» **Goal of the exercise**
Go through the following data and transcribe exactly the stretch of lines from the one holding "Swad Engagement Gift" to the one holding "BALLOONING - Destruction", both included.

____ Records for this task

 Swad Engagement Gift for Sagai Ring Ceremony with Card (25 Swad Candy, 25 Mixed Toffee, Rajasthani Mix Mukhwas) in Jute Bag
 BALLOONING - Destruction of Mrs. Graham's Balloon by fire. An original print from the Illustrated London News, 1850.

________
____ Records for this task

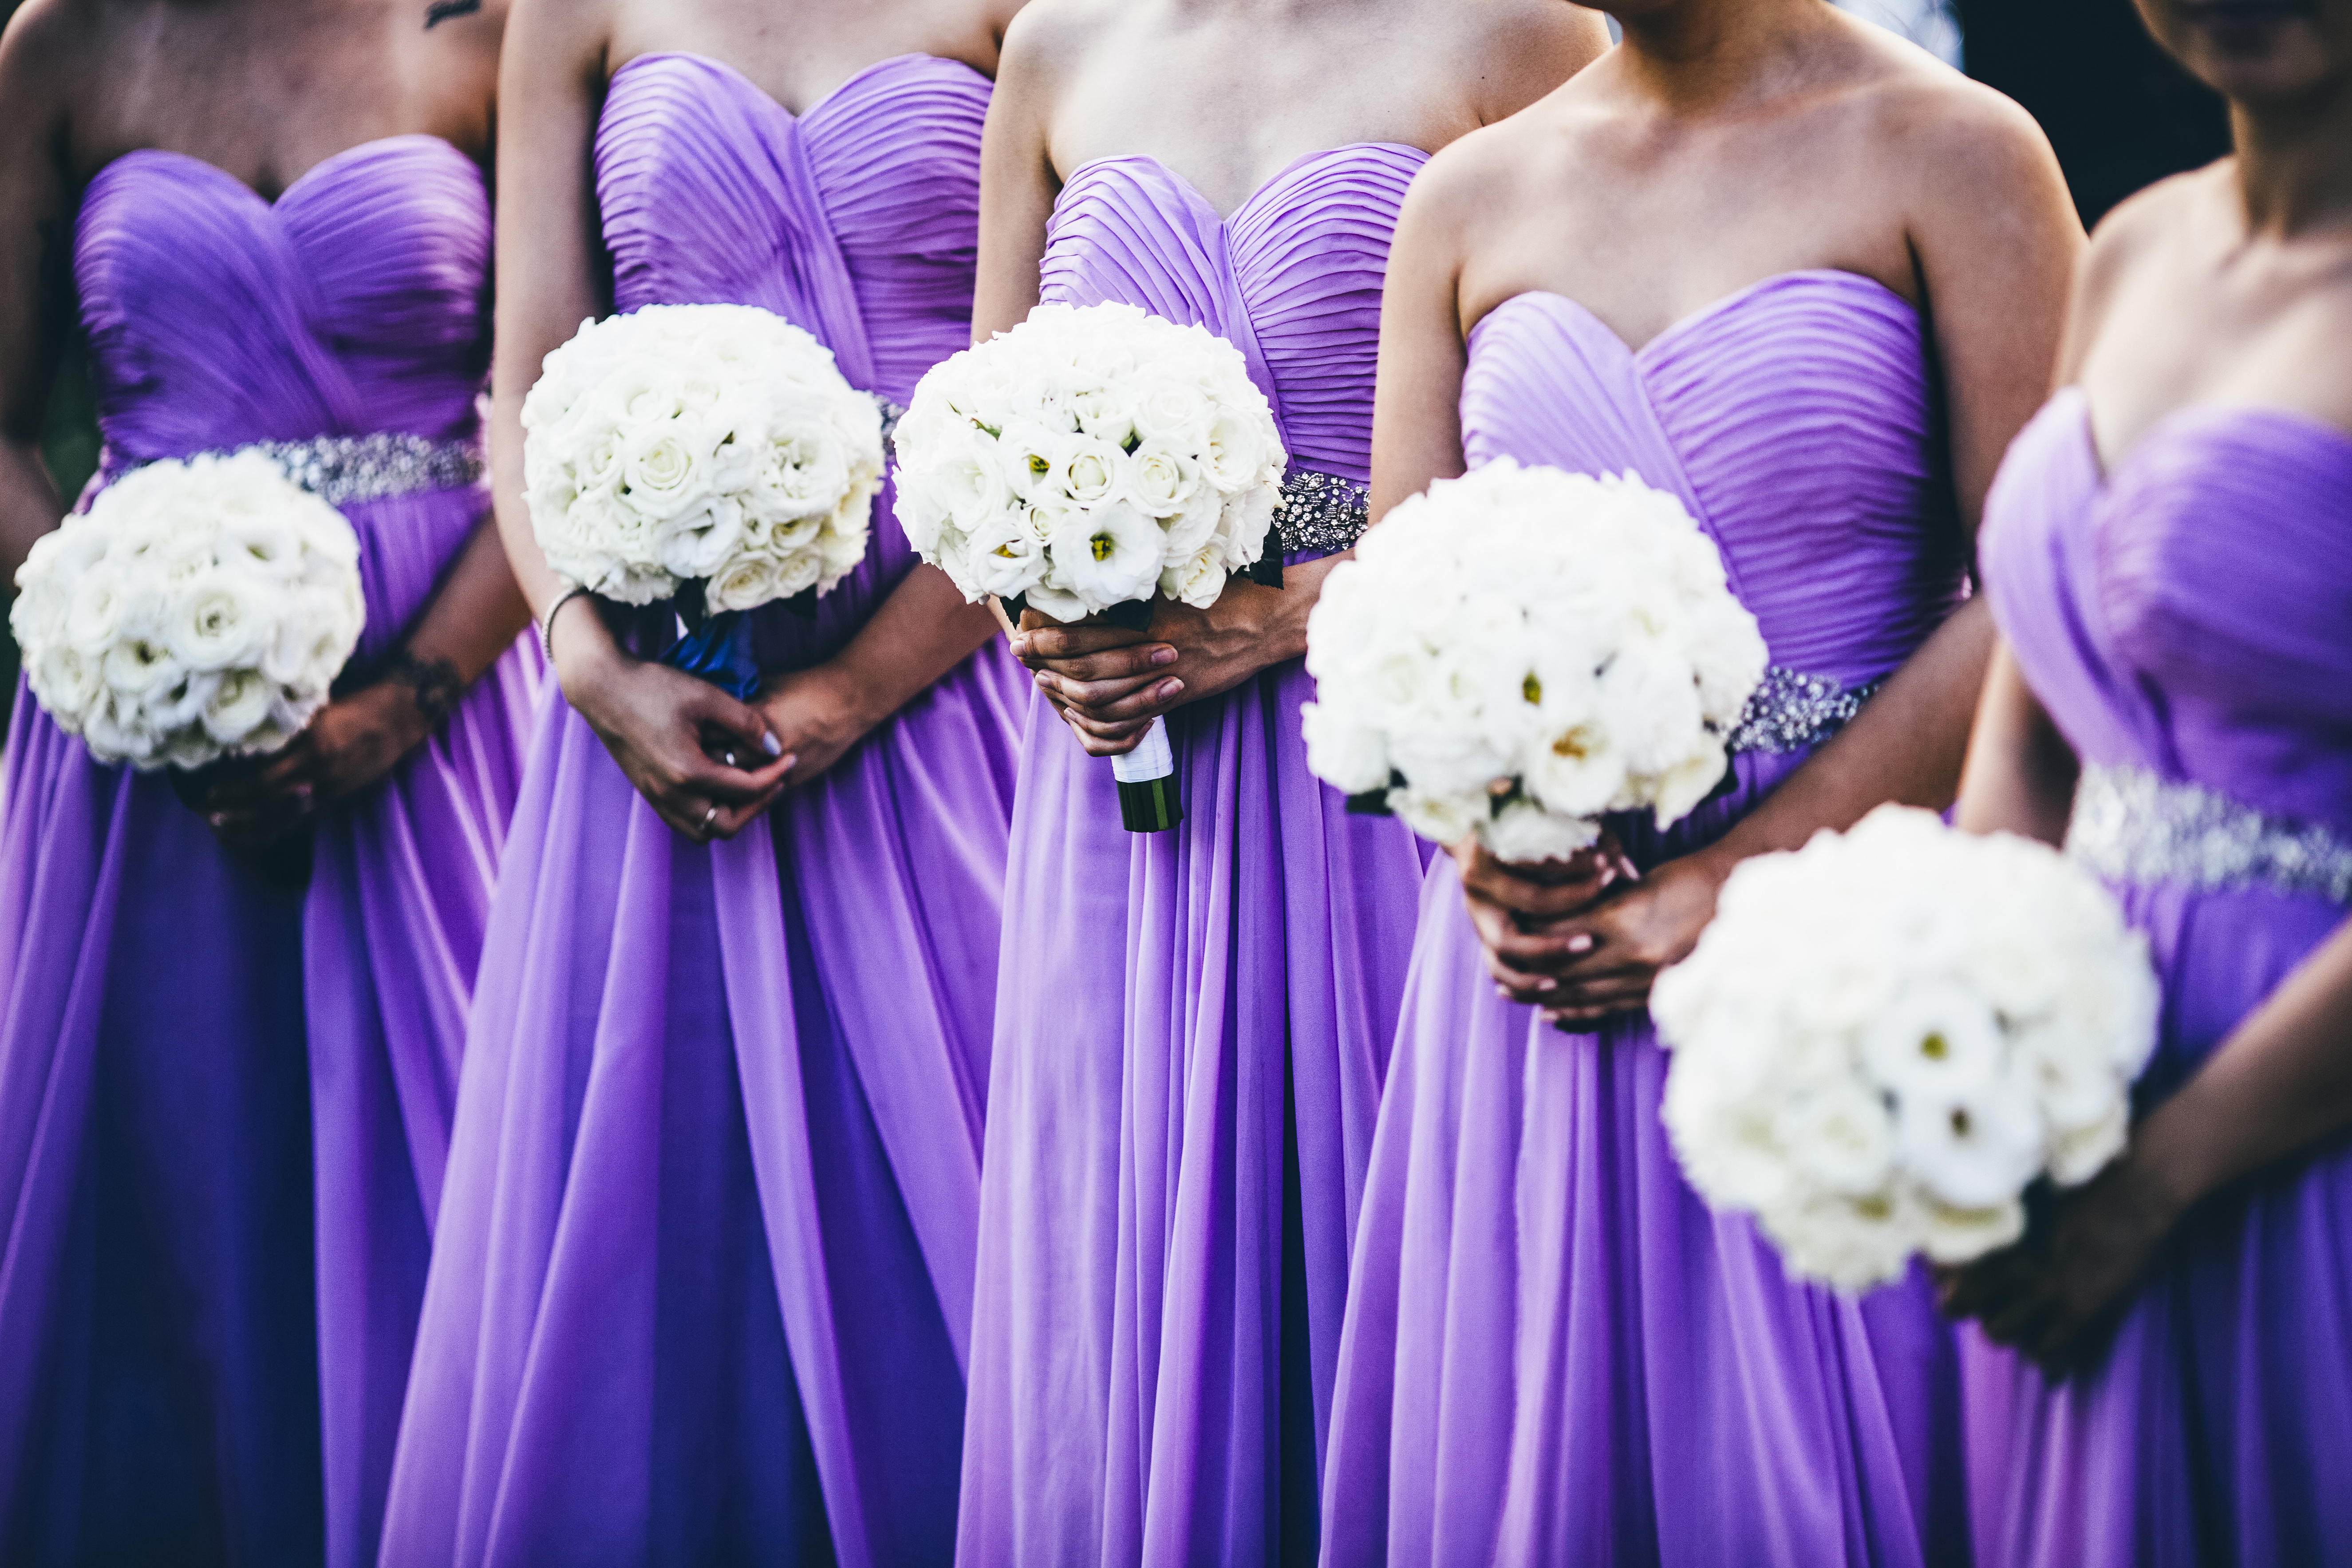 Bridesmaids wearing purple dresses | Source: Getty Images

________
____ Records for this task

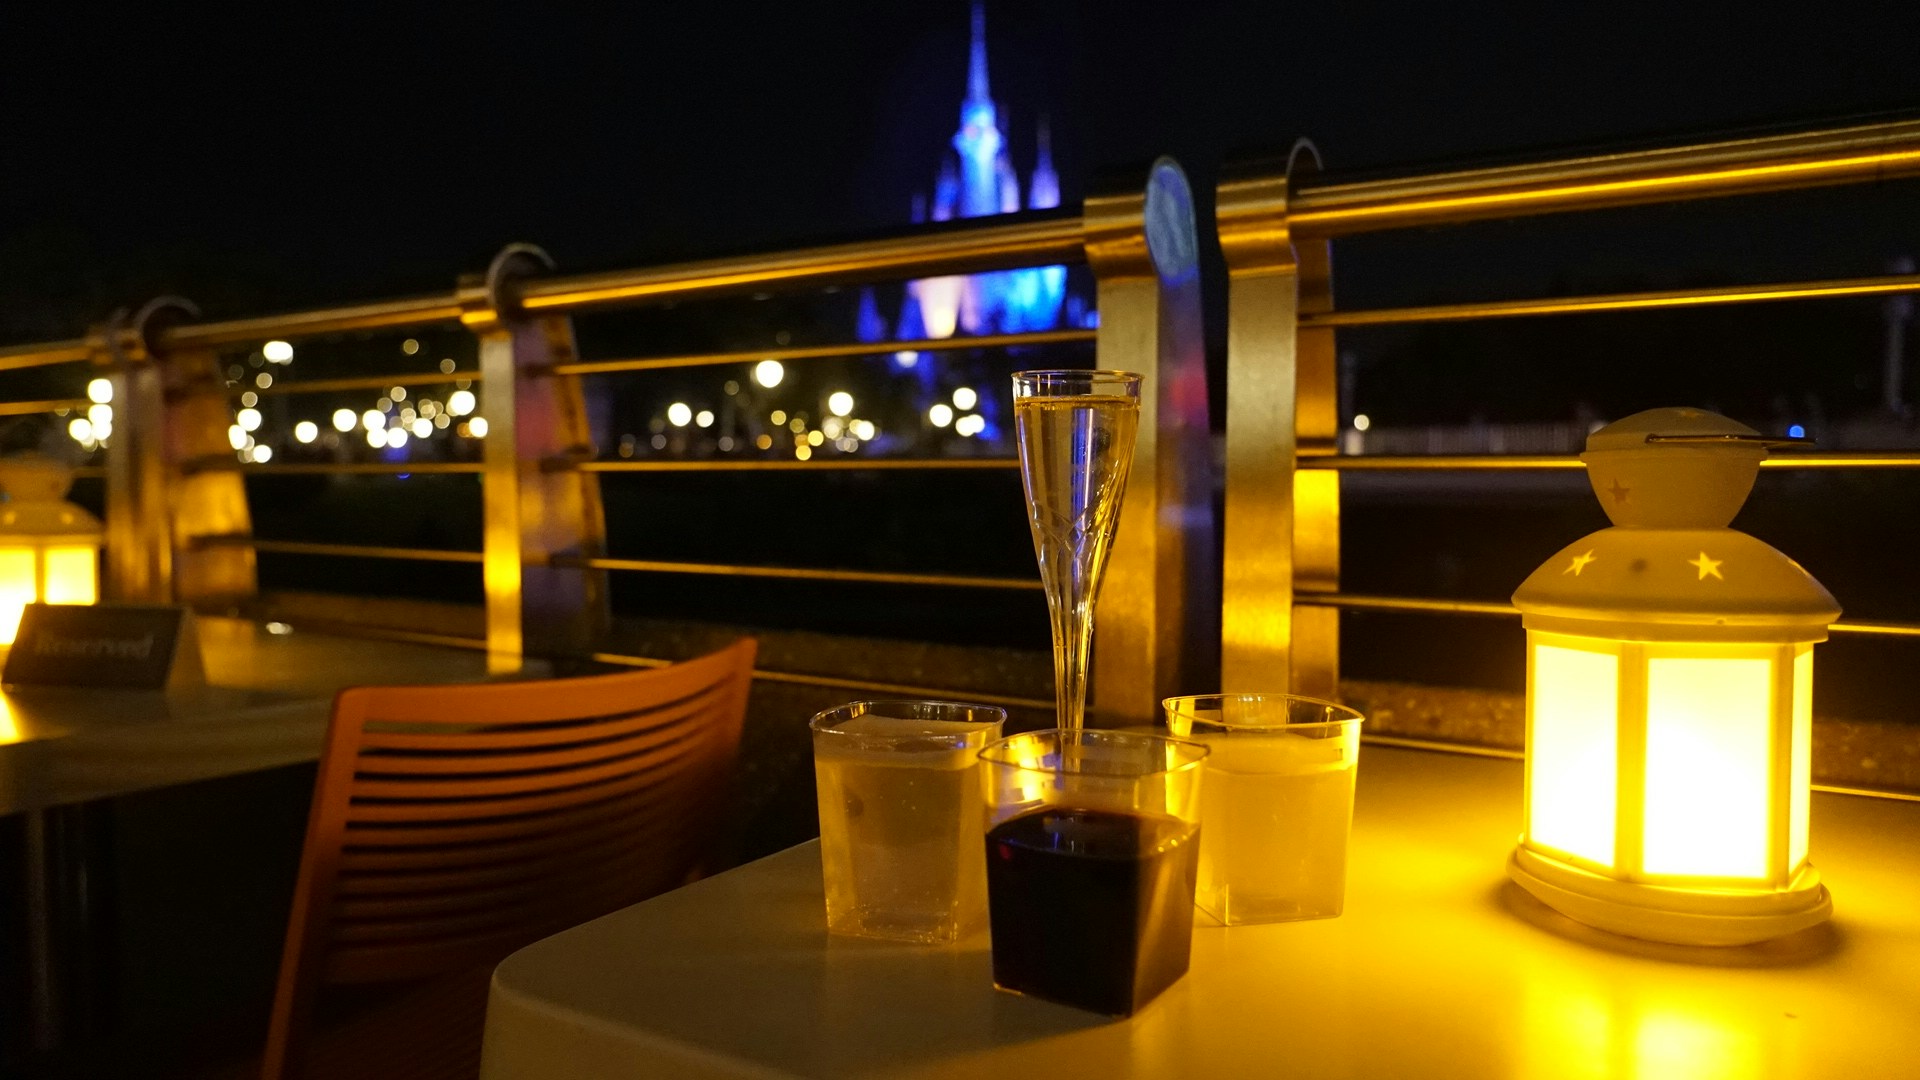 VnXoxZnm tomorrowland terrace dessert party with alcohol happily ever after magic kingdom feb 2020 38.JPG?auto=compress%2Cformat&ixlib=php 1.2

________

» **Task result**
 Swad Engagement Gift for Sagai Ring Ceremony with Card (25 Swad Candy, 25 Mixed Toffee, Rajasthani Mix Mukhwas) in Jute Bag
 BALLOONING - Destruction of Mrs. Graham's Balloon by fire. An original print from the Illustrated London News, 1850.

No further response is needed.